Conor McMahon, Reporter at Fora talks to Peter Oakes, Founder of Fintech Ireland about how automated financial advice is expected to shake up the wealth management sector

SO-CALLED ‘ROBO-ADVISORS’ already manage billions of dollars in the US, but they have yet to make their way to these shores.

Traditional wealth management has been largely untouched by the march of digital on this side of the Atlantic, and the sector is still overwhelmingly burdened by paper and admin work.

But not for much longer. Automated financial advice is already making waves in the UK, and Ireland could see a surge of robo-advice firms setting up shop in a bid to access investors in Europe.
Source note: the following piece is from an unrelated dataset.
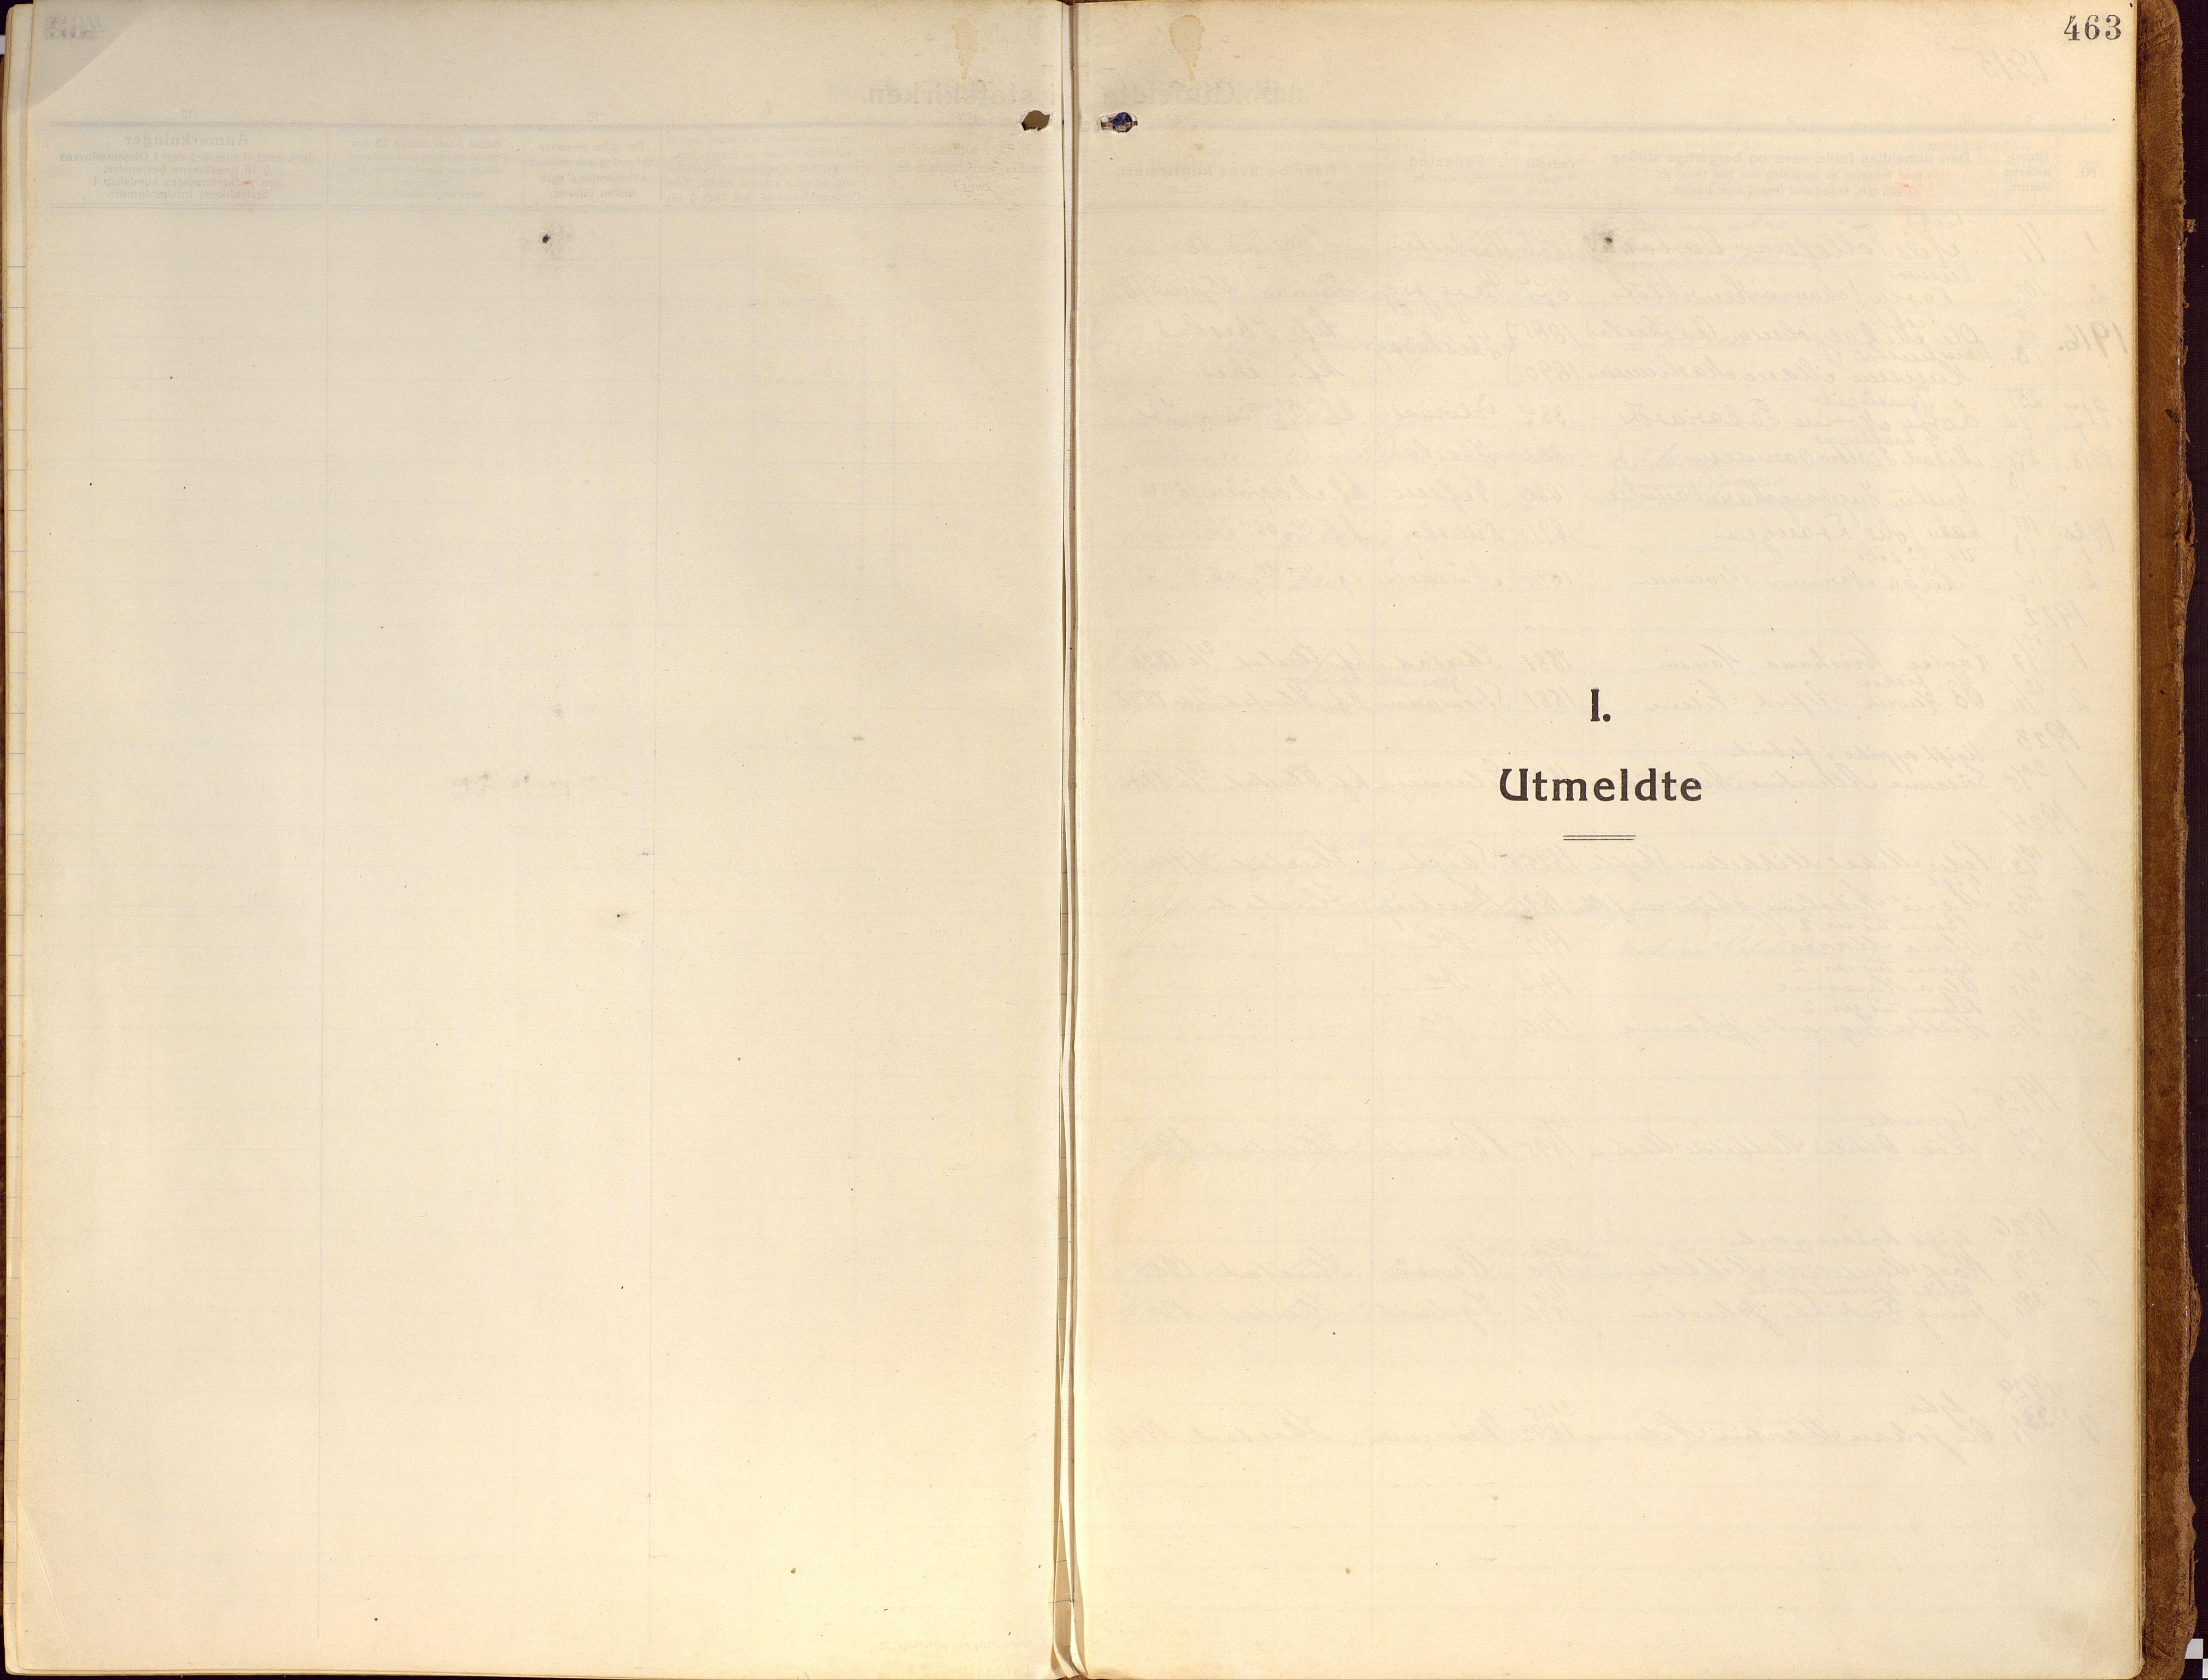 SATØ, Ibestad sokneprestembete, Ministerialbok nr. 18, 1915-1929, s. 463
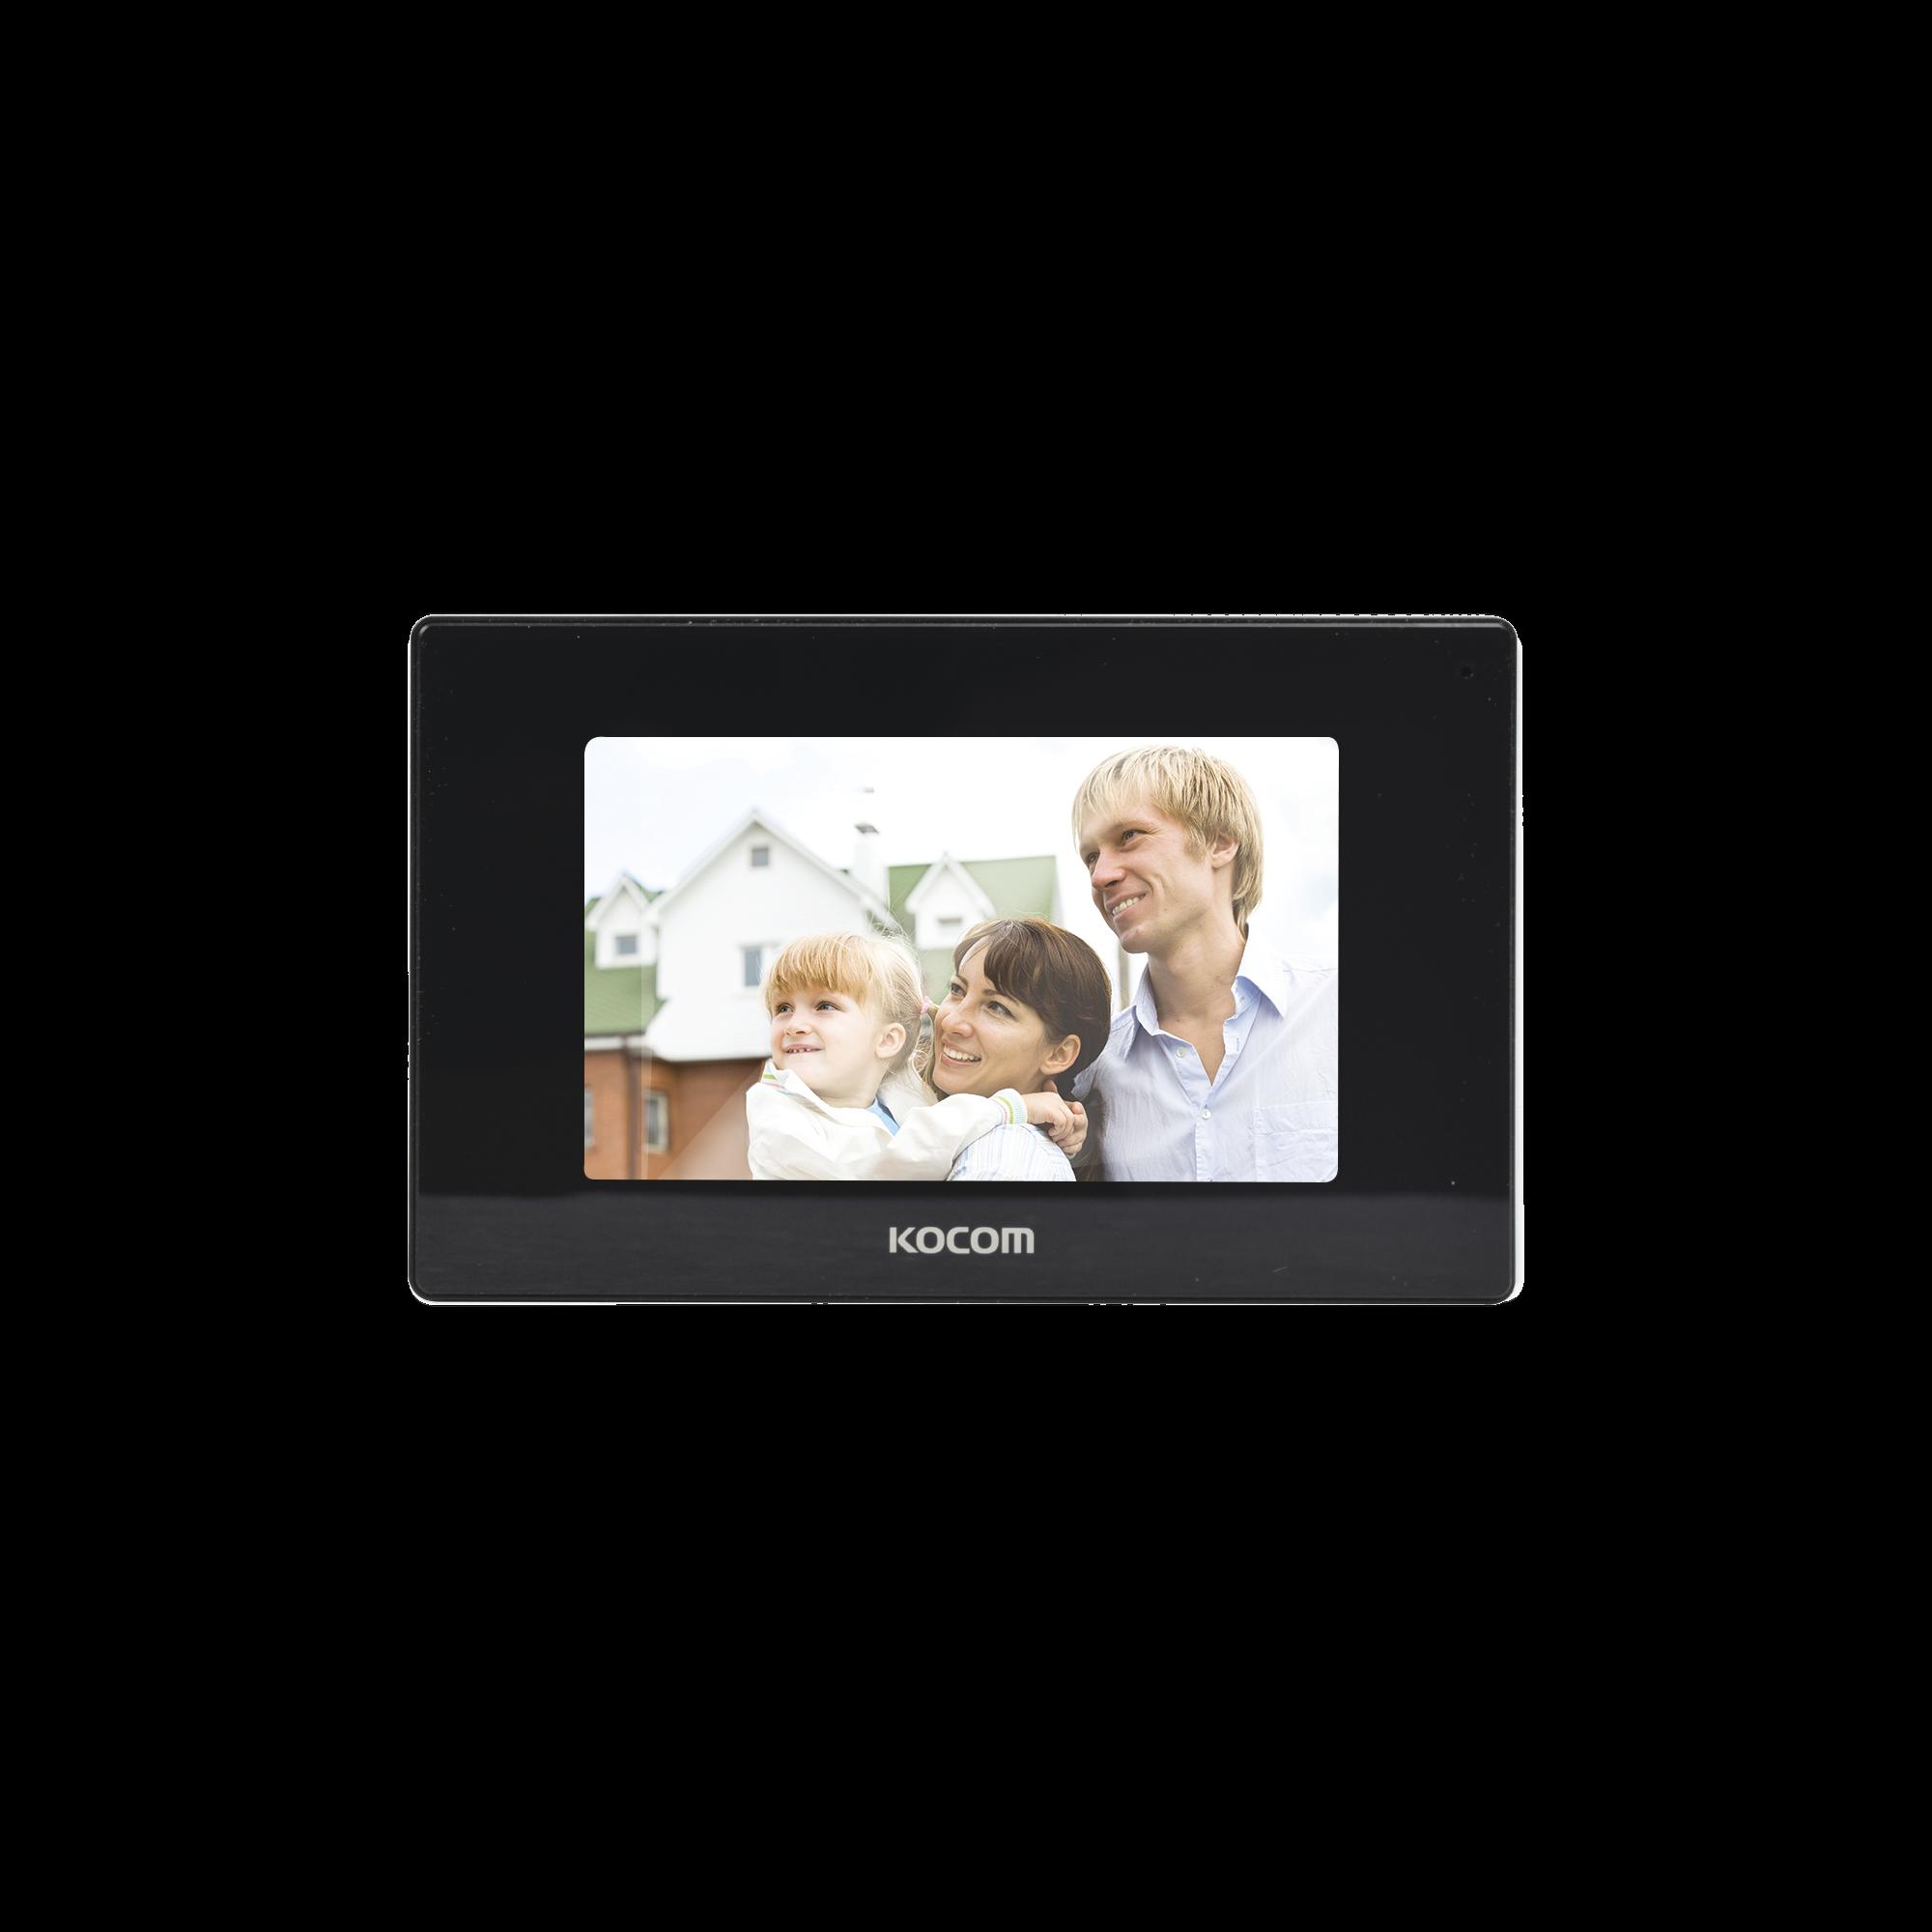 Monitor 7 color negro, alta definicion (HD), con entrada para microSD para grabacion

Fora spoke to fintech expert Peter Oakes, founder of Fintech Ireland and a former director at the Central Bank, to get the lowdown on what exactly robo-advisors do and how they might shake things up in 2017.

What are robo-advisors?

Robo-advisors are basically online money managers or “investment intermediaries”, Oakes says. They offer financial advice based on an algorithm.

Users supply them with financial and personal information that they use to make recommendations on where to invest. In a nutshell, they offer low-cost financial advice.

“We all know that the biggest expense of a portfolio is all the administration,” Oakes explains. ”The thinking behind a robo-advisor is that there must be a large portion of people out there that actually just need very simple advice.”

Independent financial advisors take a big bite out of returns on investments in fees. Robo-advisors basically do away with that money trail.

What kind of advice do they give?

The user fills out an online form and the robo-advisor firm feeds that data into their technology. The robot uses that information to create an automated series of investment recommendations based on the user’s appetite for risk.

For instance, somebody close to retirement would be categorised as having a low-risk appetite, Oakes explains.

Based on the details furnished to the robo-advisor, it would most likely recommend that a user invests in money markets and avoids property ”because you really want your funds to be liquid because you’re coming up close to retirement. The same should apply in the case of equities, as there is greater risk there – and that’s want you probably wish to avoid when you are about to get the golden watch.”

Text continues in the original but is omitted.